Szalay underscores the importance of the project:
“There really is nothing like this at any university right now. Such systems usually take many years to build up, but we are doing it much more quickly. It’s similar to what Google is doing — of course on a thousand-times-larger scale than we are. This instrument will be the best in the academic world, bar none.”
Appro Outfits LLNL with Visualization Cluster
This week Appro launched its Appro HyperPower Clusters, providing Lawrence Livermore National Laboratory (LLNL) Computing Center with a new visualization cluster called “Edge.” The cluster is based on the Appro CPU/GPU GreenBlade System and is designed to support I/O bound applications, such as advanced data analysis and visualization tasks. It will also be used for LLNL’s exascale software development computing projects.
The system’s six racks house a total of 216 CPU nodes sporting Six-Core Intel Xeon processors and 208 NVIDIA Tesla GPUs nodes, delivering 29 teraflops of computing power. The system’s 20 terabytes of memory provide the increased level of I/O bandwidth needed for data analysis and complex visualization projects. QDR InfiniBand fabric connects the compute and graphic nodes.

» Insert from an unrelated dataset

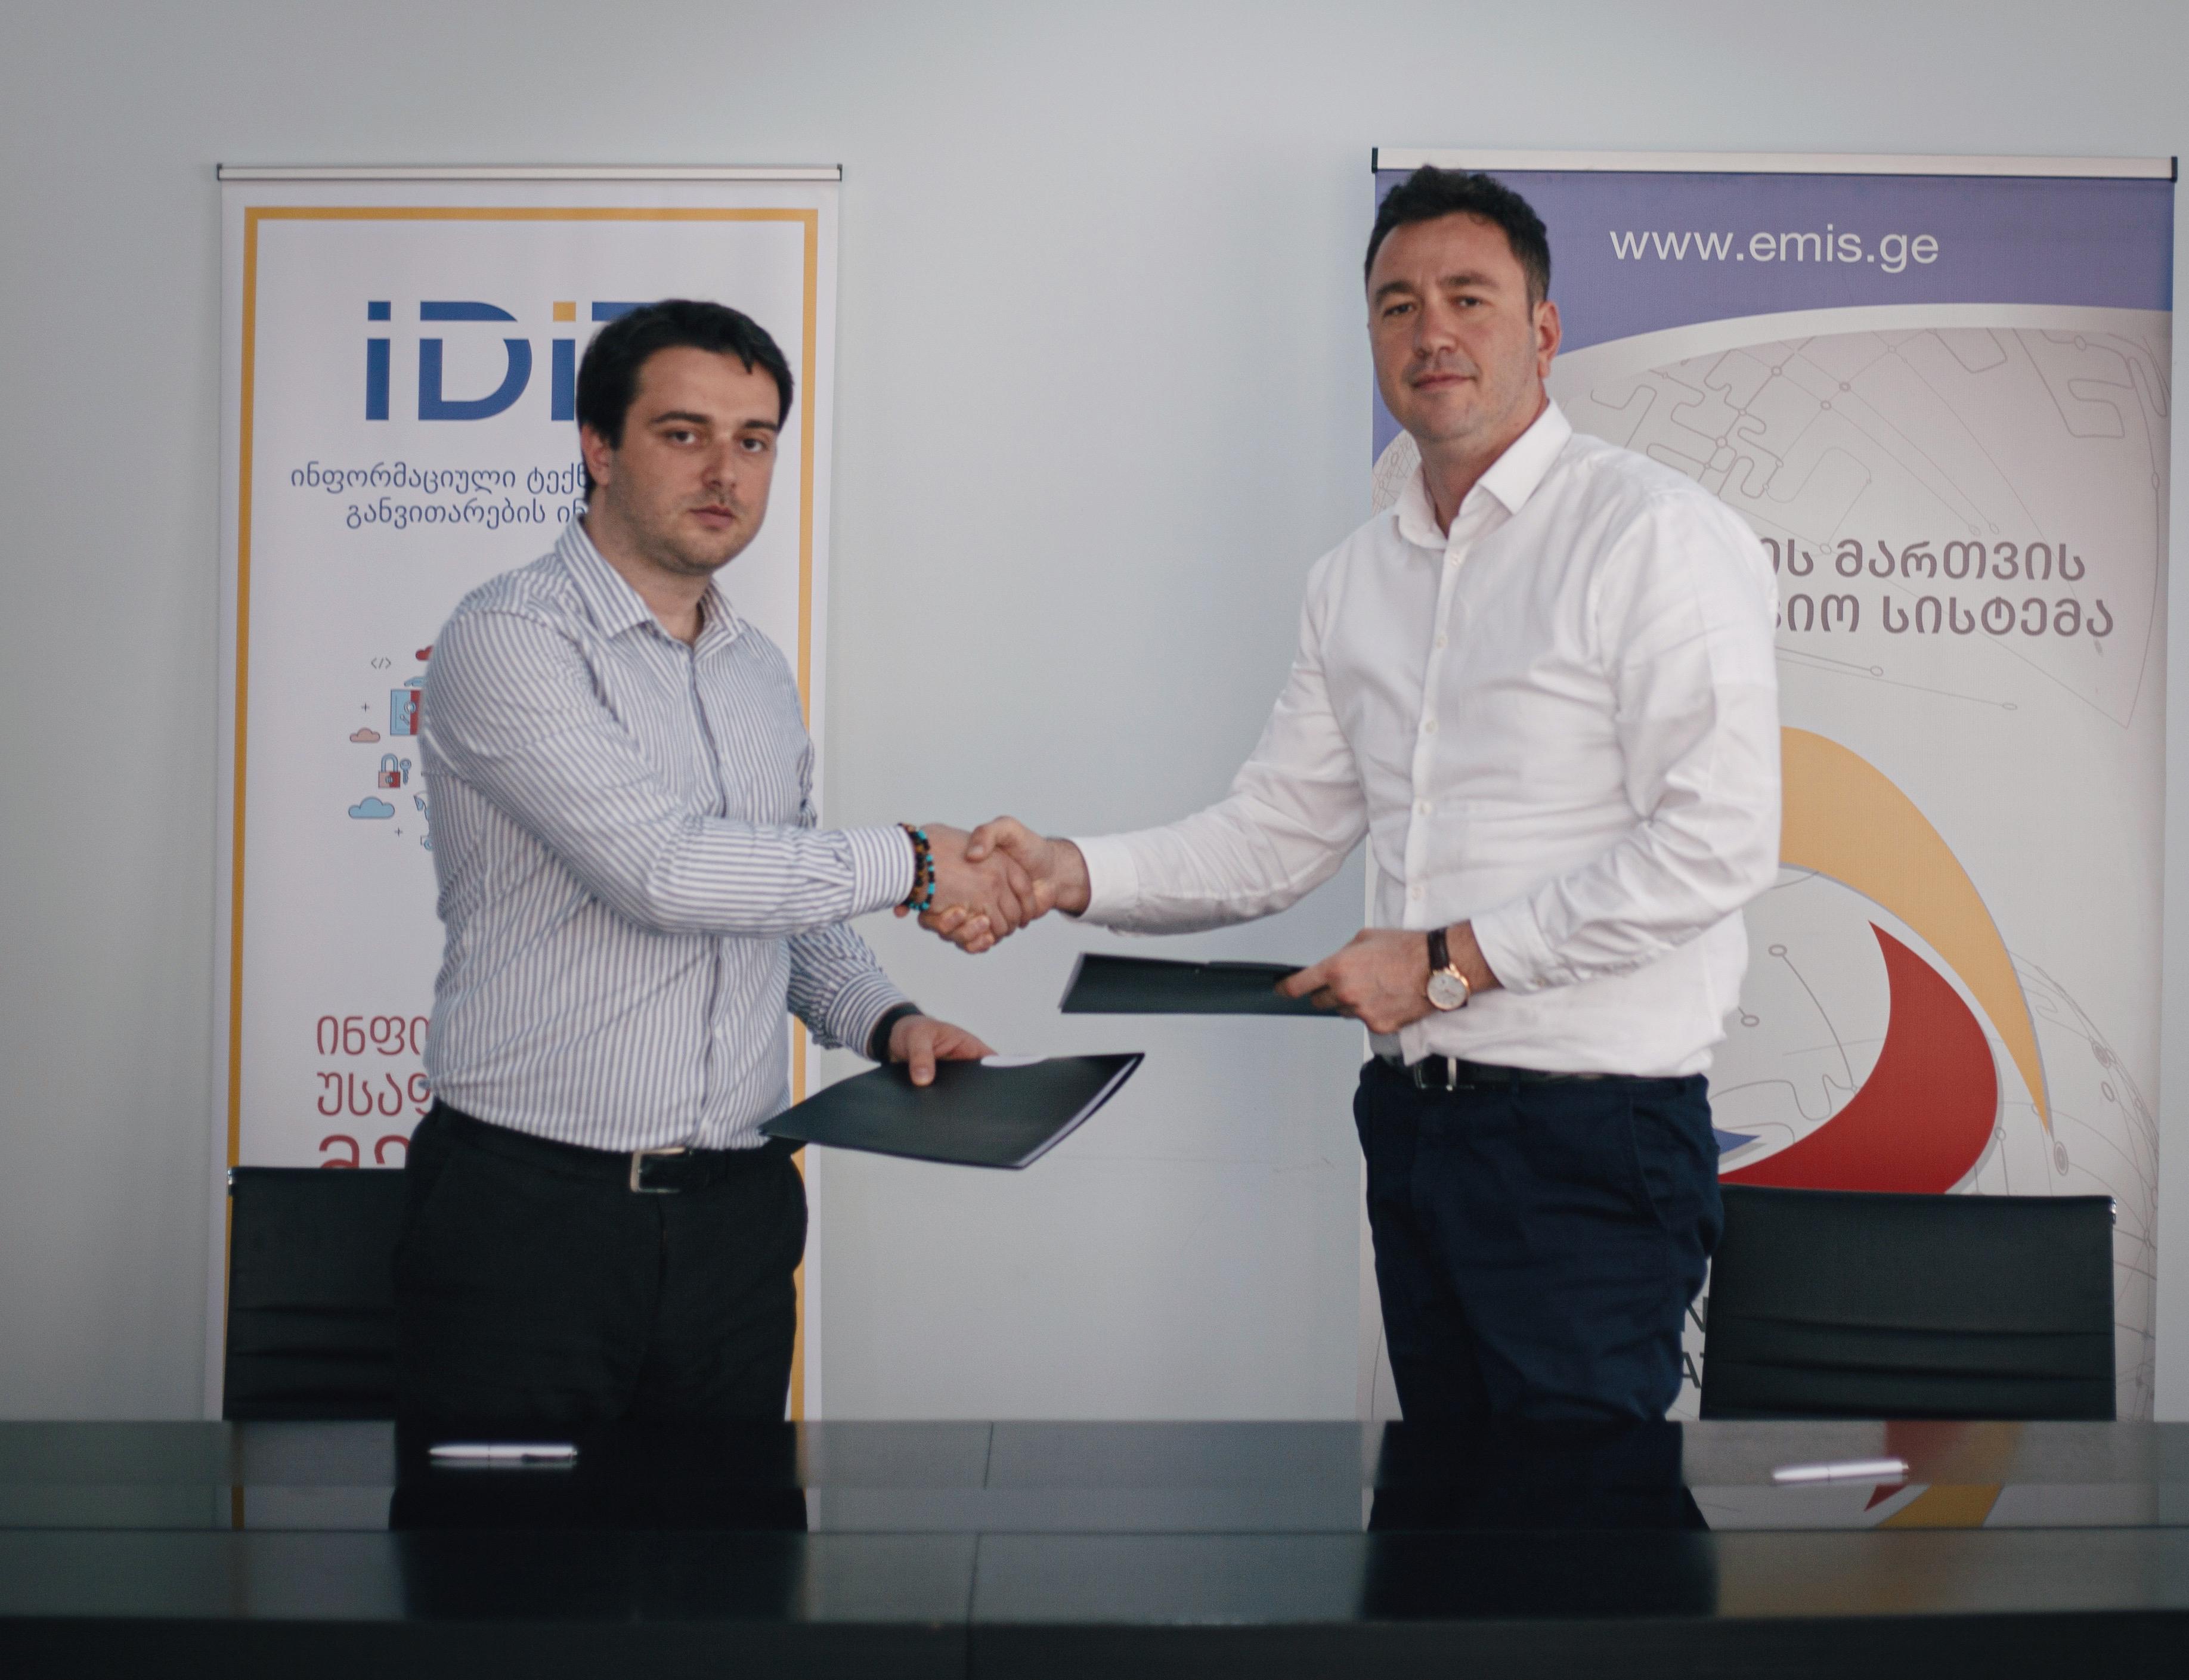 IDIT-სა და EMIS-ს შორის თანამშრომლობის მემორანდუმი გაფორმდა

According to Trent D’Hooge, a cluster integration lead at LLNL, Edge is the first data analysis cluster that has GPUs with ECC support and increased double-precision floating point performance.
Becky Springmeyer, computational systems and software environment lead of the Advanced Simulation and Computing program at LLNL, explains that ”post-processing tasks are heavily I/O bound, so specialized visualization servers that optimize I/O rather than CPU speed are better suited for this work, which will be now enabled through the ‘Edge’ cluster.”